Originally appeared in The National.

My Life with the Taliban

Abdul Salam Zaeef

Translated from the Pashto and edited by Alex Strick van Linschoten and Felix Kuehn

C Hurst & Company
The Islamic Emirate of Afghanistan held its last press conferences in Pakistan in November 2001. Behind the podium was the Afghan ambassador Abdul Salam Zaeef – just 33 years old, but with the résumé of a much older man. Already he had served the Taliban as a bank governor, a mining regulator, and the acting defence minister. Like most Taliban officials, he was a wounded veteran from the anti-Soviet jihad, having survived a gut shot from a PK machine gun.

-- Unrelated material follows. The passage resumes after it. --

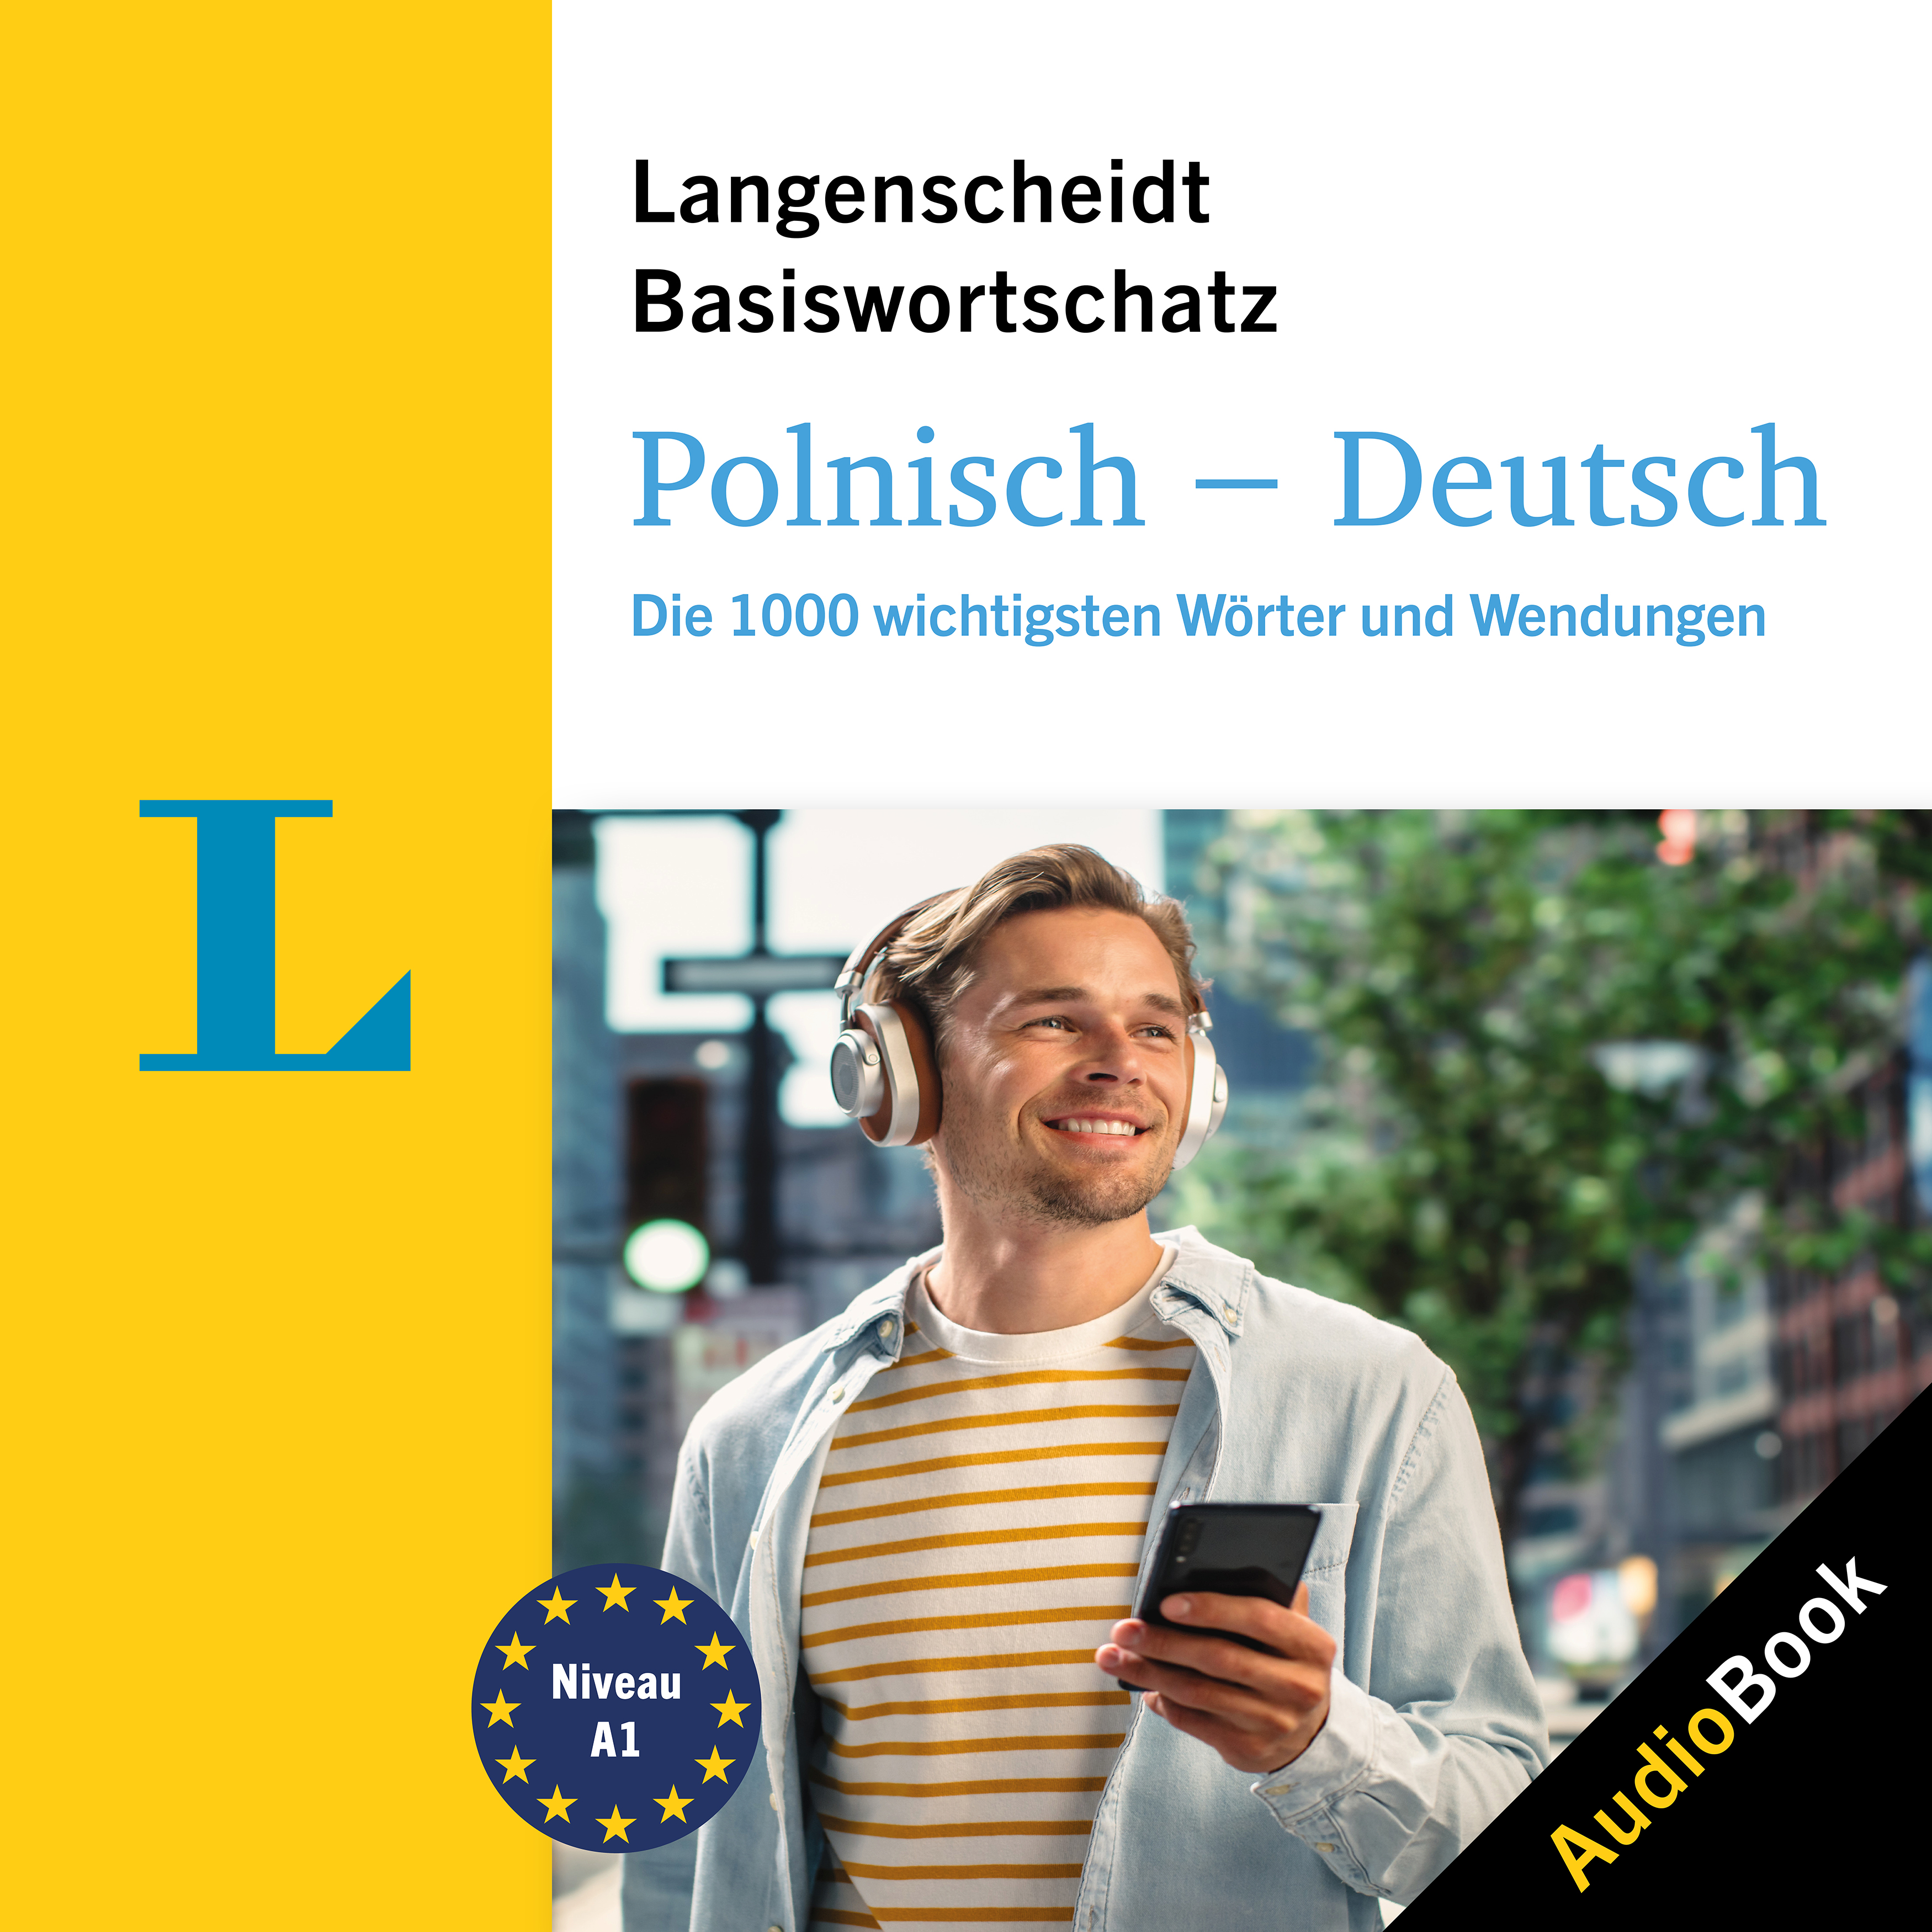 Langenscheidt Polnisch-Deutsch Basiswortschatz
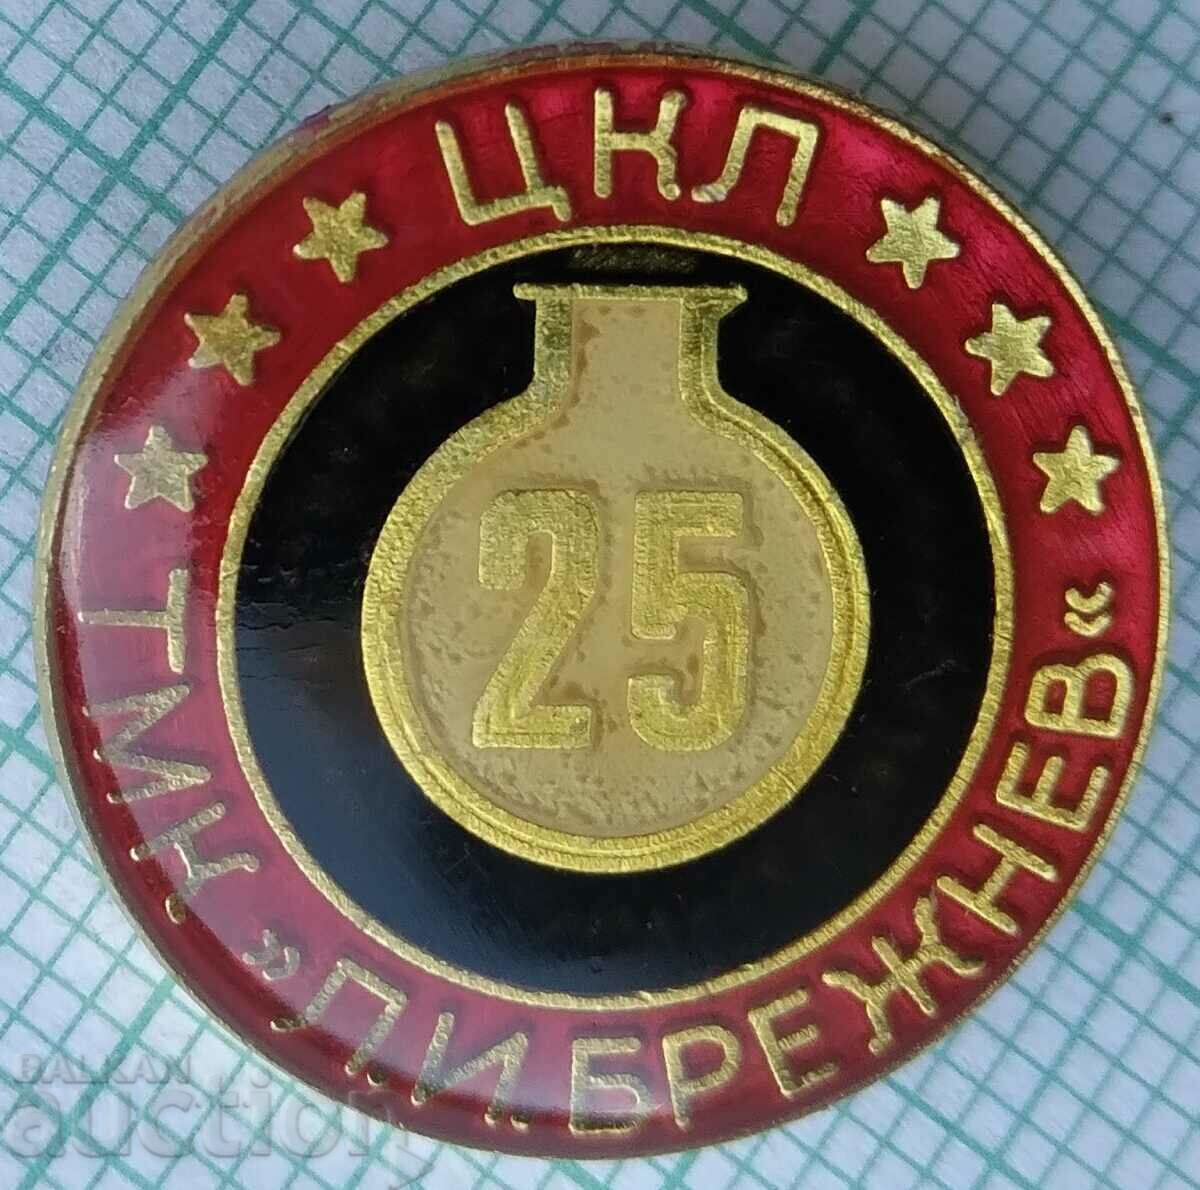 15594 Σήμα - 25 χρόνια TSK TLM Leonid Brezhnev

At that point in time, to be able to read the autobiography of even one senior Taliban official would have illuminated a number of questions about a movement that was opaque then and remains only slightly less so. The Taliban were hermetic and their dealings obscure. To analyse them took a sort of Afghan Kremlinology, a series of educated guesses about how their government worked and how the personalities of their senior members, including Zaeef and their leader, Mullah Muhammad Omar, interacted. These mysteries persist – no one is certain where Taliban power resides, or how it is wielded – so any glimpse inside the walls of this secretive fortress is valuable indeed.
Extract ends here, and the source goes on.